Well, I updated my Kindle app on my iPod Touch... and it bricked my iPod just for starters.  When I finally recovered from that (a bad sign), I had lost all the books from my ipod... so I have been downloading fresh copies from the archive.  No biggie.  But then I noticed something really strange.  Now when I start the app, it "Checks & Syncs" for an extremely long time.  I haven't actually timed it yet, but for at least 15 minutes.  Before I did the update, the check & sync was extremely fast.  I wonder what the deal is?  Oh well, it is working, and I can read or do other things (like get books from my archive)... so the check & sync is not really causing a problem, I think.  Not yet anyway.   I am using a broadband wifi connection, so I don't think that is the issue.


----------



## pidgeon92 (Oct 27, 2008)

Have you tried removing the app from the iPod and reinstalling?


----------



## pawnslinger (May 1, 2009)

pidgeon92 said:


> Have you tried removing the app from the iPod and reinstalling?


Yep! I had to. After I finally unbricked my ipod, the new Kindle app wouldn't run. So I deleted it and reinstalled. That finally got it working, but now I am reloading all my books (around 600 of them) and the check & sync takes forever....

I still don't have all my books loaded, around 150 more to go. What a pain!

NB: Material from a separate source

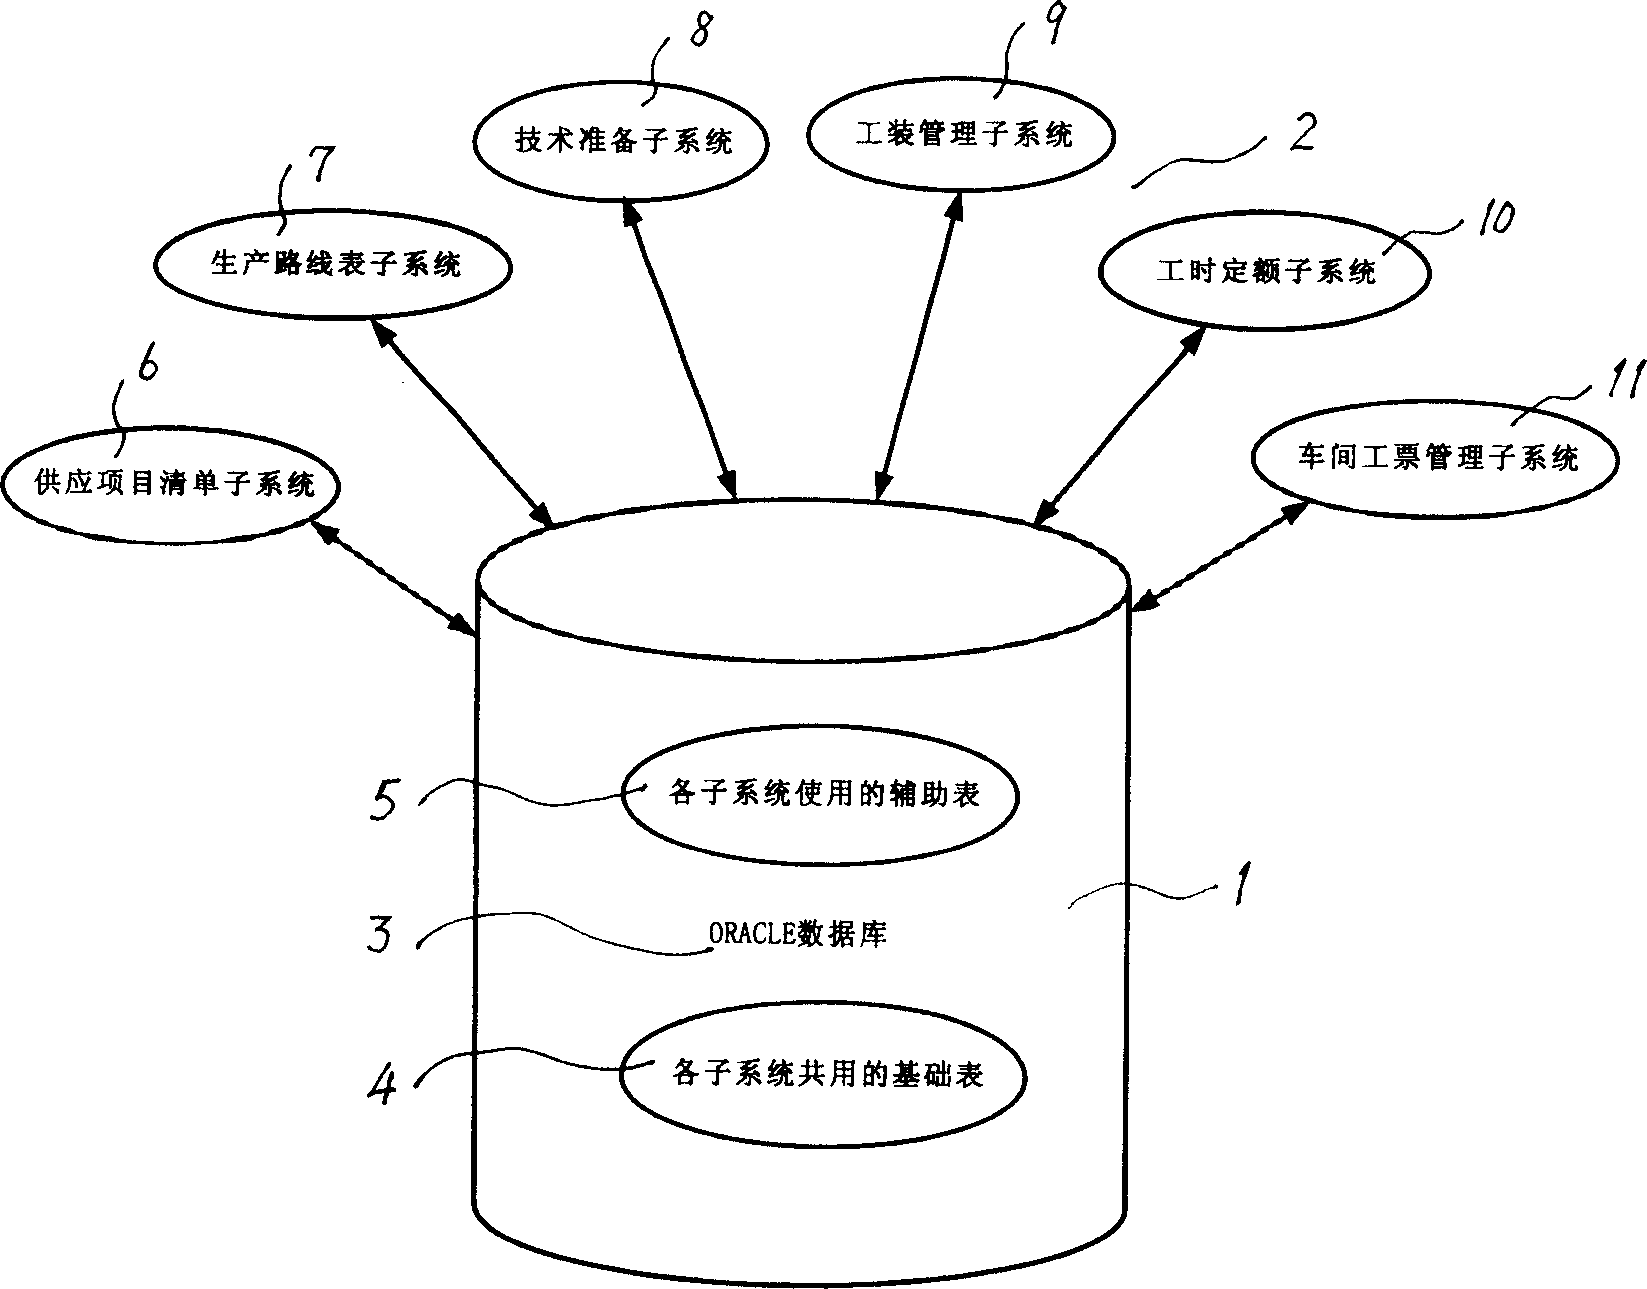 Steam turbine product database management method

I have been using Kindle on the ipod for awhile, this is the first real trouble I have had. I have kept all software up-to-date. I was really scared when it bricked though, iTunes couldn't even connect with it.


----------



## corkyb (Apr 25, 2009)

Could it be indexing?  I know on the kindle, I can't load tooo many books at once or the thing takes forever and if it gets jammed, then it is in some sort of endless cycle til i delete the book that jammed it.


----------



## pidgeon92 (Oct 27, 2008)

I would suspect that too many books at once could be an issue.

I would also suspect that this newest version had bugs.


----------